Re: [DISCUSS] FLIP-XXX: Independent Checkpoint Based On Pipeline Region

熊饶饶 Thu, 04 Jun 2026 08:04:55 -0700

Hi Zihao and Gen,

Thank you for the thoughtful questions! Here are my responses.


1. Should CheckpointListener be extended to carry region-level information?

In the current design, when a Regional Checkpoint completes:

Healthy region tasks: receive notifyCheckpointComplete(checkpointId) — they can 
safely commit external transactions.
Failed region tasks: receive nothing — they are undergoing Region Failover 
(already cancelled/restarting) and cannot receive any notification.
OperatorCoordinators: have already been corrected via 
checkpointCoordinatorForRegionFallback before receiving 
notifyCheckpointComplete.
I share the concern about potential misunderstandings, so we should extend the 
interface with a parameter that indicates Regional Checkpoint information. Here 
is the proposed extension:

// In CheckpointListener (default method, backward compatible)
default void notifyCheckpointComplete(long checkpointId, RegionalCheckpointInfo 
info) {
    notifyCheckpointComplete(checkpointId);
}

// Regional checkpoint info — provides global regional checkpoint context to 
the listener
// so it can distinguish between a global checkpoint and a regional checkpoint.
public class RegionalCheckpointInfo {
    // (old) checkpointId -> execution vertices using that old checkpointId
    private Map> regionalExecutionVertexMap;
    // Other properties for future extension.
}
As a result, listeners can distinguish between global checkpoints and regional 
checkpoints.

2. Task that fails to acknowledge for a long period (e.g., transient network 
issue)

This is a good question. After further analysis, I believe Regional Checkpoint 
can cover the timeout scenario as well. Here is the reasoning:

Current behavior (without Regional Checkpoint): When a checkpoint expires, 
CheckpointCanceller triggers abortPendingCheckpoint — the entire checkpoint is 
discarded regardless of how many tasks have already acknowledged.
Proposed enhancement — Timeout-Aware Regional Checkpoint: When the checkpoint 
timer expires and Regional Checkpoint is enabled, we can treat un-acknowledged 
tasks as failed tasks and apply the same regional logic.
3. Correctness Argument — Why merging states from different checkpoints is valid

As you mentioned, a snapshot is valid if it matches some instantaneous state 
that could actually occur during execution.

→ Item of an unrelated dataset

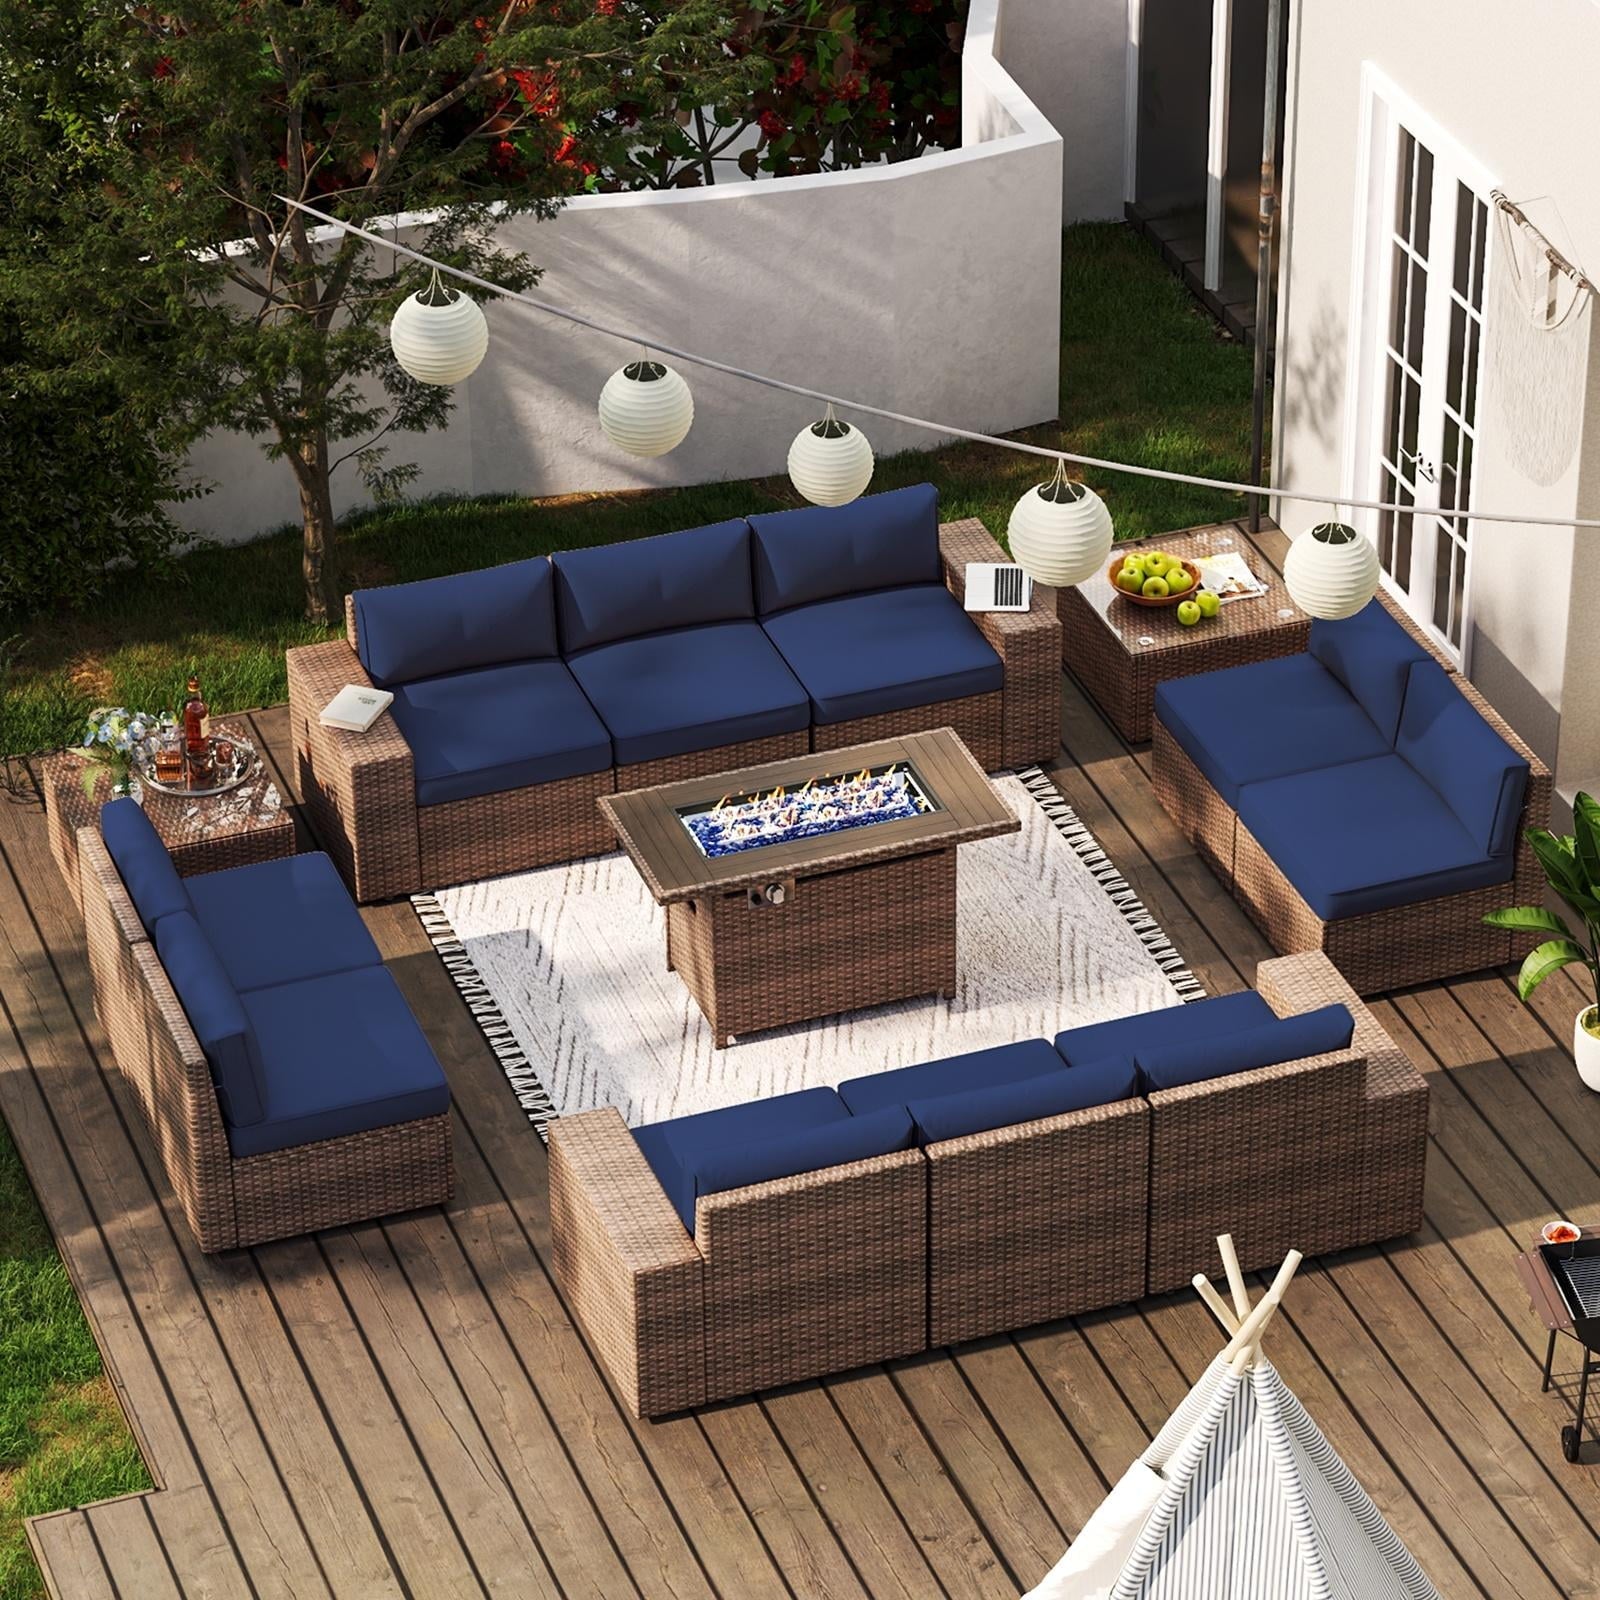 13pcs Patio Furniture Set with Fire Pit Table, PE Rattan Wicker sectional Sofa Set with 2 Coffee Table, Blue

Regional Checkpoint operates at the Region granularity, allowing states from 
different checkpoint IDs to be freely composed while still maintaining 
consistency. This is possible due to the following conditions:

Data isolation between Pipeline Regions: Barriers emitted by source operators 
and business data do not flow across region boundaries. Therefore, it is 
sufficient to ensure that all operators within a single region have their state 
completed under the same checkpoint ID. Upon recovery, consistency within each 
region is guaranteed independently.
State isolation between Pipeline Regions: Flink operator state is typically 
managed on the TaskManager side. The exception is OperatorCoordinator, whose 
state is generally used to coordinate across different subtask instances of the 
same operator. This requires additional state correction during Regional 
Checkpoint — the logic for which is described in the FLIP document.
4. Should failed Regions receive a checkpointAborted notification for 
checkpoint N?

I believe there is no need to notify failed regions with a checkpoint-aborted 
message. Here's why:

First, we extend the notifyCheckpointComplete interface with a new 
RegionalCheckpointInfo parameter, which includes a global mapping of failed 
operators to their fallback checkpoint IDs. Developers can use this information 
to handle regional checkpoints appropriately.
Second, the failed region tasks may be undergoing failover and their execution 
attempts have been cancelled. If there is no region failover (i.e., just an 
expired checkpoint acknowledgment), it is better to skip checkpoint 100 and 
wait for the next checkpoint 101 to complete, rather than sending a 
checkpoint-aborted notification.
Third, it has no effect on data consistency whether or not a checkpoint-aborted 
notification is sent. If the task undergoes failover, it will recover from 
checkpoint 99. Otherwise, it will continue running and wait for the next 
checkpoint to complete or abort (in case of a global checkpoint failure).
5. Ecosystem Compatibility — Connectors and external OperatorCoordinators

This is a very good question — we should ensure that most Flink connectors work 
well with this feature. For the Kafka connector, I believe it will support 
Regional Checkpoint. Here is the reasoning:

It uses the standard FLIP-27 Source API with KafkaSourceEnumerator and 
KafkaSourceReader.
Offsets are tracked in KafkaPartitionSplit (operator state), not in coordinator 
state.
addSplitsBack() correctly moves partitions back to unassignedSplits for 
re-assignment.
In unbounded mode, periodic partition discovery continues normally after 
recovery.
The only minor observation: if COMMIT_OFFSETS_ON_CHECKPOINT is enabled, healthy 
regions commit their Kafka consumer group offsets while failed regions don't. 
This causes a brief consumer-lag reporting inconsistency in external monitoring 
tools, but has no correctness impact since Flink always recovers from its own 
state, not from Kafka broker offsets.
The flink-cdc, flink-paimon, and flink-fluss connectors all use the standard 
FLIP-27 Source, so their SourceCoordinator will support Regional Checkpoint. In 
the current latest code, Paimon and Fluss implement custom OperatorCoordinators 
(WriteOperatorCoordinator and DataStatisticsCoordinator), but these are used 
only for operator coordination and do not persist any checkpoint state, so they 
should be compatible with Regional Checkpoint.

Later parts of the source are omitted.